Differentiating compound functions

[GregA]

I have been happilly solving away a multitude of different questions until the book threw me this curve ball...10^(3x)

My first attempt was as follows: let y=u^3 and u=10^x
dy/du = 3u^2...du/d10 = x(10^(x-1))...3x(10^2x(10^(x-1)))...3x(10^(3x-1))

the answer given in the book however is (3ln10)10^3x...thing is I haven't met a question of this type (they have been of the sort..((x^3)^1/2)/ln(x-2) etc...) and so my best attempt to reach this answer so far is to say that 10^3X is equivilant to saying e^3xln10.

If y = e^u and u = 3xln10 then...
dy/du = e^u and du/dx = 3ln10 + (3x/10) giving...(3ln10+(3x/10))10^3x problem is...I have not reached the answer and I am not sure how I've gone wrong...please help!

 

[HallsofIvy]

I assume that you know that the derivative of e^x is just e^x itself. You should also have seen (although fewer people feel a need to memorize it!) that the derivative of a^x, where a is any positive number, is a^xln(a).

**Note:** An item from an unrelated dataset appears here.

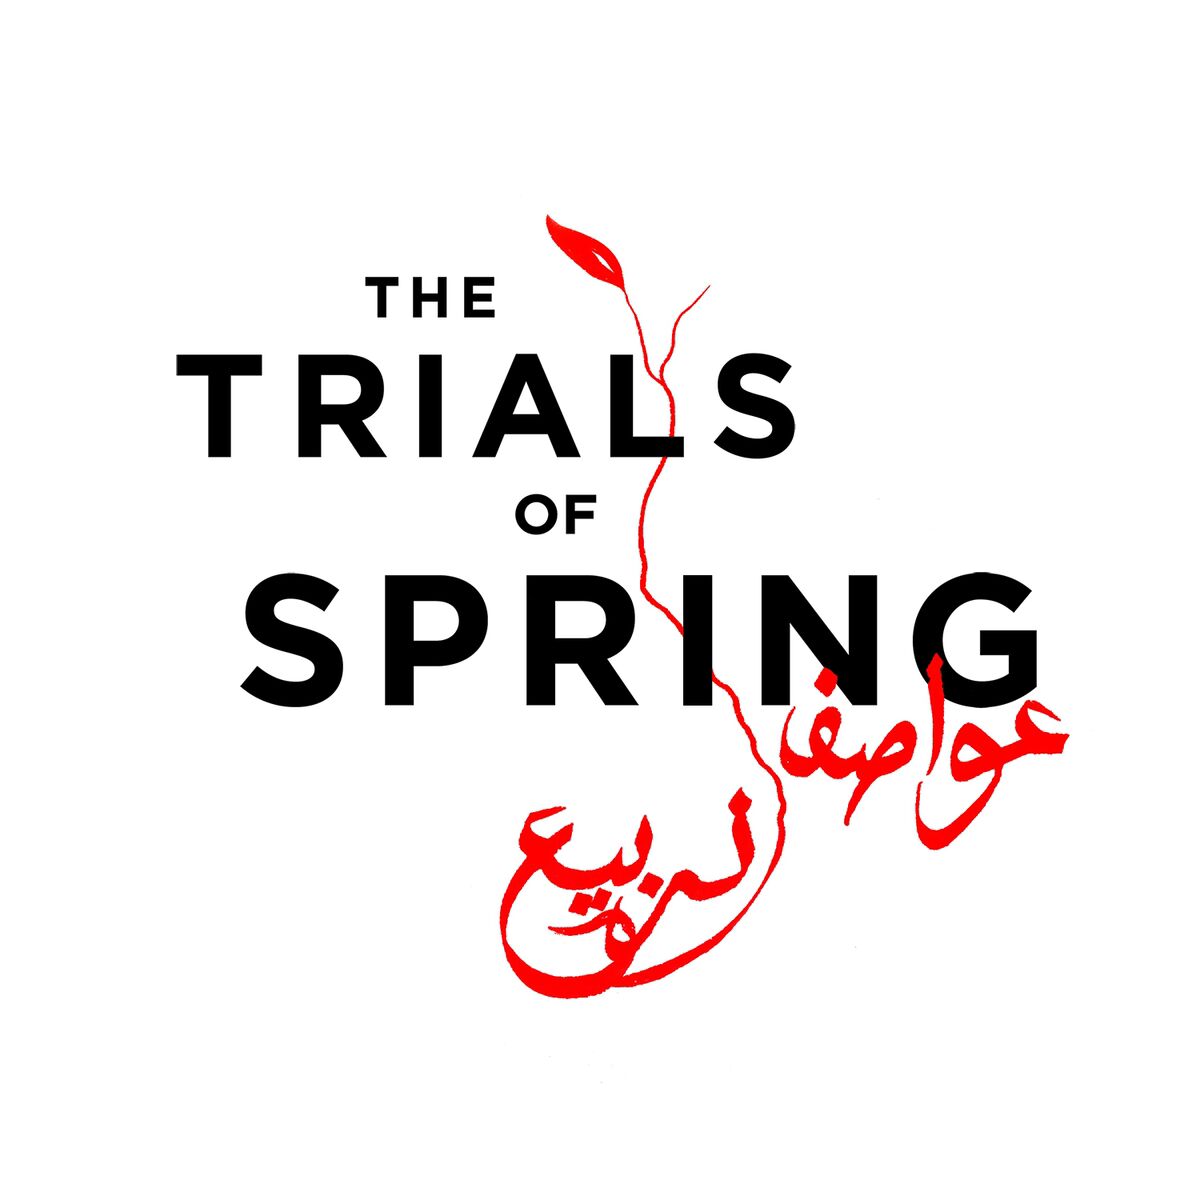 "The Trials of Spring" logo (photo: The Trials of Spring media room)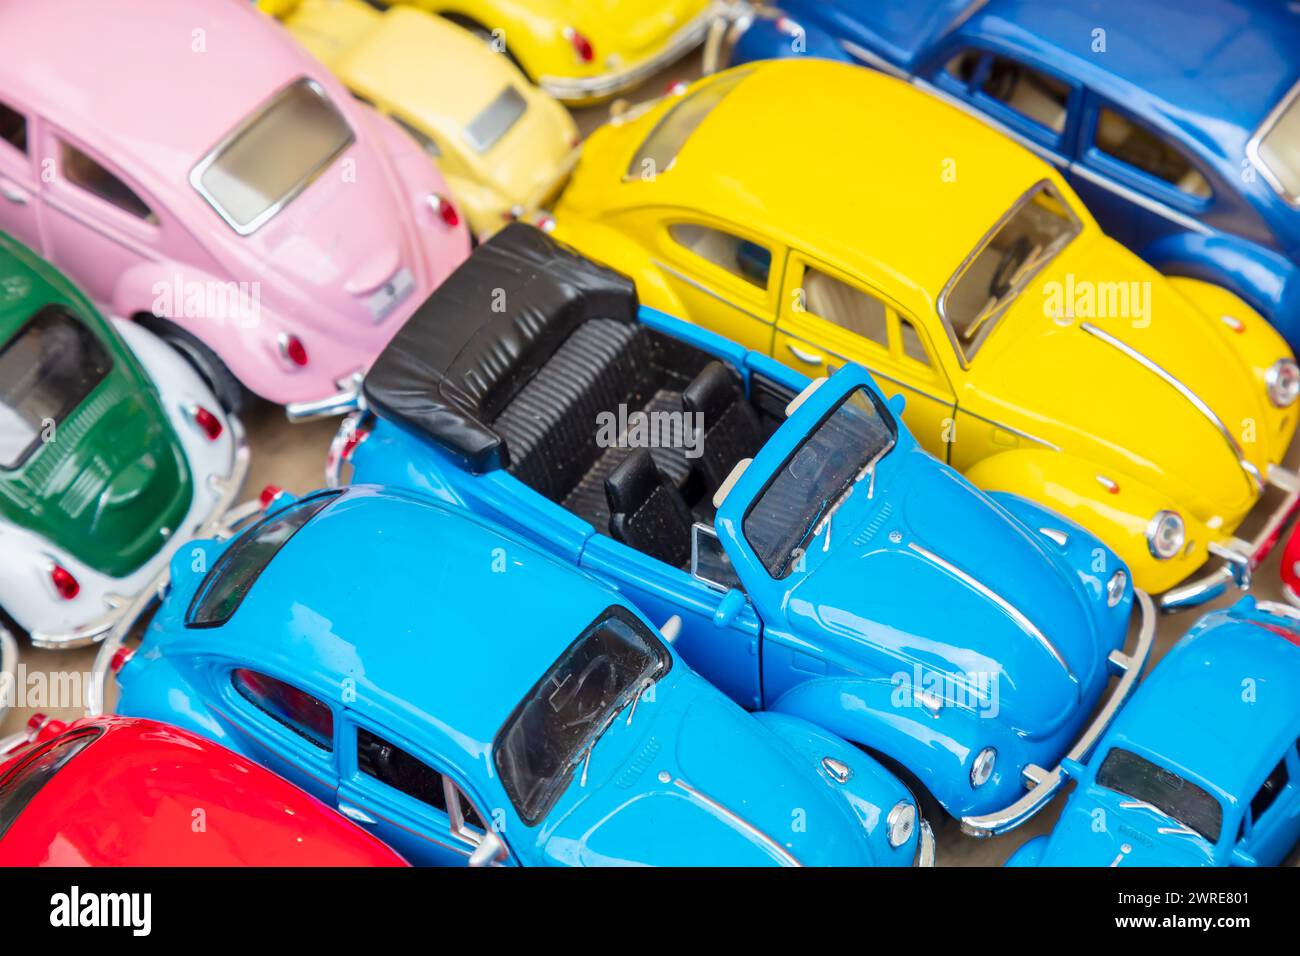 Deventer, The Netherlands - August 10, 2023: Collection of colorful Volkswagen Beetle model cars in Deventer, The Netherlands Stock Photo

If you haven't learned that, then, whenever you have a variable as an exponent, try taking the logarithm of both sides:
If y= 10^3x, then ln(y)= 3x ln(10). Now differentiate both sides of that equation, remembering that the derivative of ln(x) is 1/x so the derivative of ln(y) with respect to x is
\frac{dln(y)}{dx}= \frac{1}{y}\frac{dy}{dx}
and then solve for \frac{dy}{dx}.

"If u = 3xln10 , the derivative of u is NOT 3ln10+ 3x/10! "10" is not a variable. u is just ax where a= 3ln10."

 

[GregA]

I assume that you know that the derivative of e^x is just e^x itself. You should also have seen (although fewer people feel a need to memorize it!) that the derivative of a^x, where a is any positive number, is a^xln(a).

Thanks for your reply HallsofIvy
don't remember having seen this(am away from my textbook to use the computer...If I have encountered it though I certainly haven't answered any questions that involved it.)I shall check the book later.

The bit you wrote at the bottom makes sense

if dy/ydx = 3ln10...dy/dx = (3ln(10))10^3x

(for what it's worth I have never come across this technique and so double thanks.)